Estate Tax Concerns. In 2015 the federal estate tax exemption will increase to $5,430,000 for a single person and with estate planning a married couple should be able to exempt $10,860,000. However, Santa and his wife likely have a taxable estate. It is extremely hard to calculate the size of their gross estate but Santa’s toy making business is prospering. He has enough inventory to supply every child on earth with at least one toy each year. There are now over 7 billion people on earth, and if just half of those are children and Santa spends just $20 on each child, he is spending 70 billion dollars per year on Christmas gifts alone. Apparently this formal gifting program is not reducing the size of his estate because he’s continued to do this since the 4th century. Of course, even if federal estate taxes are repealed, reducing estate taxes is not Santa’s only estate planning goal.

Caring for Dependents. Another consideration for Santa’s estate plan will be caring for the hundreds of elves that work in his shops and are apparently totally dependent on him for survival. There are no known relatives to serve as guardians in the event Santa and Mrs. Claus both pass away. And even if relatives can be tracked down, it is doubtful that they will have the wherewithal to care for so many dependents. We might want to consider starting a charitable organization that establishes homes, jobs, and caretakers for these magical little people.

Creating a Pet Trust. Santa has also invested a lot of time, money, and love in his wild animal preserve. Besides the normal elk, caribou, and polar bears, Santa has successfully bred a unique species of flying reindeer and at least one with a light-emitting nose. Santa and Mrs. Claus could set up a pet trust as part of their estate plan to continue to care for these animals.

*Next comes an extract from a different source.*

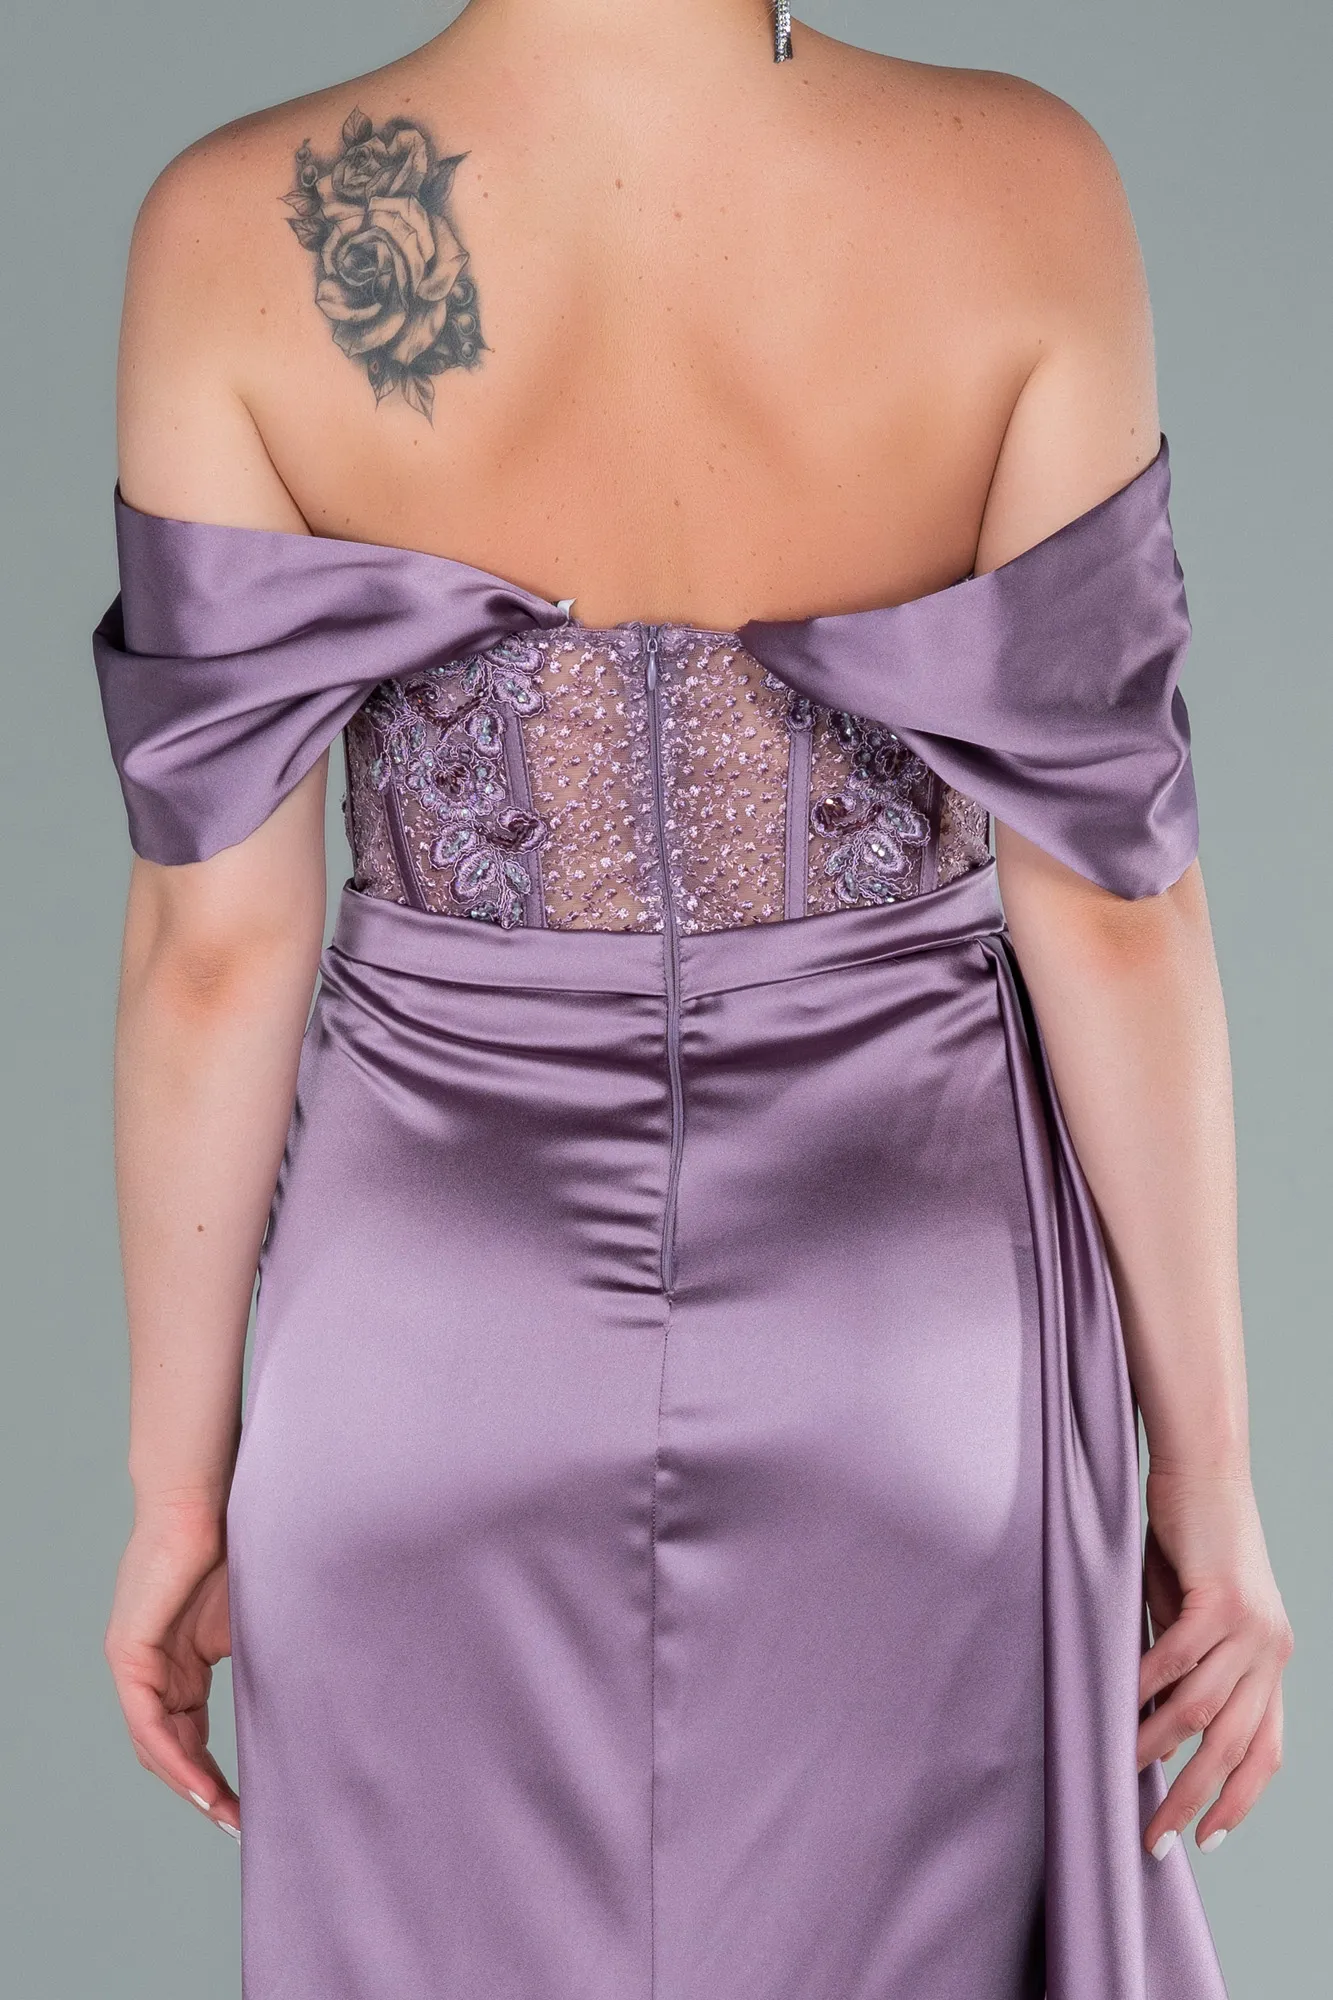 Lavender-Long Satin Evening Dress ABU3446

Business Succession Planning. Death isn’t the only concern for the Clauses. If Santa were to be disabled by a collision with an aircraft, a fall from his sleigh on a fast take-off, or a gunshot wound from someone who mistakes him as a burglar, his business could be in trouble. Mrs. Claus hasn’t had a lot of direct involvement with the business. It might be wise to pick some key elf employees from executive management who can be trained to take over. An experienced business law attorney could help Santa negotiate a buy-sell agreement with the elves. Due to his advanced age (approximately 1600), and the fact that he is overweight and smokes, he may have difficulty qualifying for key man life insurance but it should not be ruled out because of his overall good health and vitality.

Obviously, creating an estate plan for Santa will be a daunting task but if you see him sometime soon, please let him know that our estate planning attorneys would be happy to help him out.

Like Santa, our firm wishes you Merry Christmas, Happy Holidays, and a prosperous New Year.